Бульдозером сминаемая рушится
Подобный материал:
1   ...   16   17   18   19   20   21   22   23   ...   30
Глава 44

Мы продолжаем дело Сталина.


Мог ли Никита не верить? Своим родителям, учителям, родите­лям его приятелей, сверстников? Красивым взрослым дядям и тётям, приходившим в гости, на застолья? Не верить радио, газетам, книгам, мудрым «слоганам» и лозунгам, висевшим на видных местах? Не верить столь убедительным карикатурам Кукры­никсов, не отпускавшим с обложек «Крокодила» сухопарого Дядю Сэма с мешком пушек и бомб за спиной; толстого, ни­зенького Джона Буля в пробковом шлеме, под пальмой, со стеком в руке и неизменной уинстоновской сигарой в лоша­диных зубах; усыпанного таврами-свастиками кабана Штрауса, подымавшего рыло к покосившемуся дорожному указателю с надписью «Дранг нах Остен»; перебинтованных вдоль и поперек калек на костылях: Чан Кай Ши и Ли Сын Мана; а также чёрного датского дога Хаммаршельда, лаю­щего с трибуны ООН на миролюбивые серпоносные предло­жения Страны Советов?

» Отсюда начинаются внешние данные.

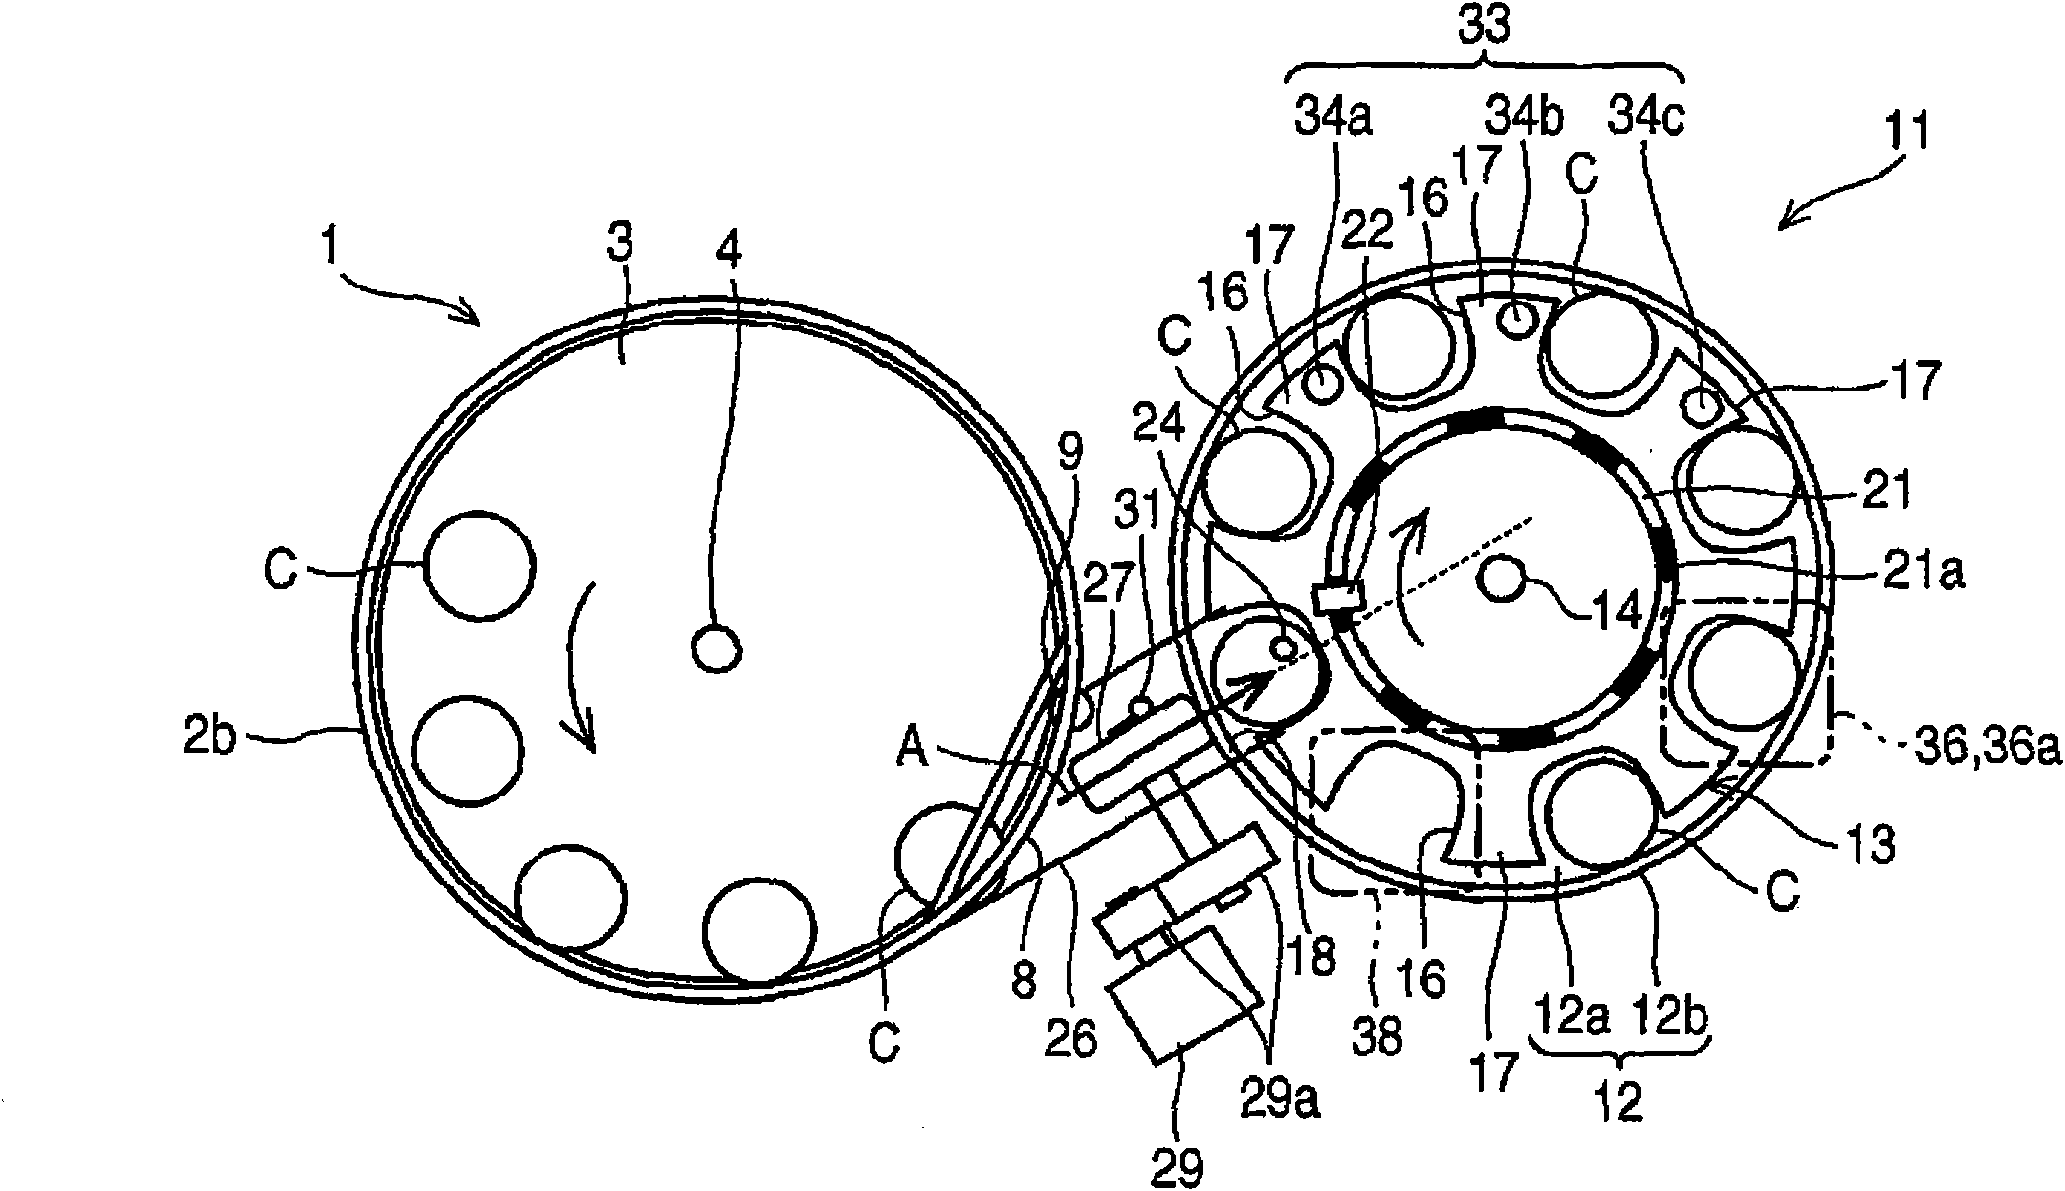 Coin processing device

Как тут было не верить, если даже сторожевого пса, охра­нявшего только что построенный в городе местный теле­центр с громадной вышкой, не уступающей по высоте Эйфе­левой башне, тоже звали Даг Хаммаршельд?

А вся окружающая, такая прекрасная, за ничтожными, безусловно, хотя и объемными исключениями, жизнь, в ко­торой всё так быстро менялось к лучшему, возрастало... Можно ли было не замечать таких очевидных вех прогресса, как полуторка, сменившая трофейный велосипед БМВ в ка­честве персонального экипажа отца? И как потом полуторка сменилась «газоном», - правда пока ещё с фанерной кабиной, но всё-таки в этой кабине появились уже какие-то приборы; тогда как в полуторке были только руль, рычаг передач и педали. Исчезли очереди за мылом, булыжная мостовая кое-где заменялась асфальтом, парки и туалеты стали бесплат­ными, обучение детей – совместным; разрешили провожающим выходить на перрон вокзала; и, наконец, явилась она – красавица «Волга» со сверкающим оленем на капоте. Когда Никита впервые уви­дел её на Горьковском спуске, он глазам своим не поверил: овеществленная мечта о неоновом рае!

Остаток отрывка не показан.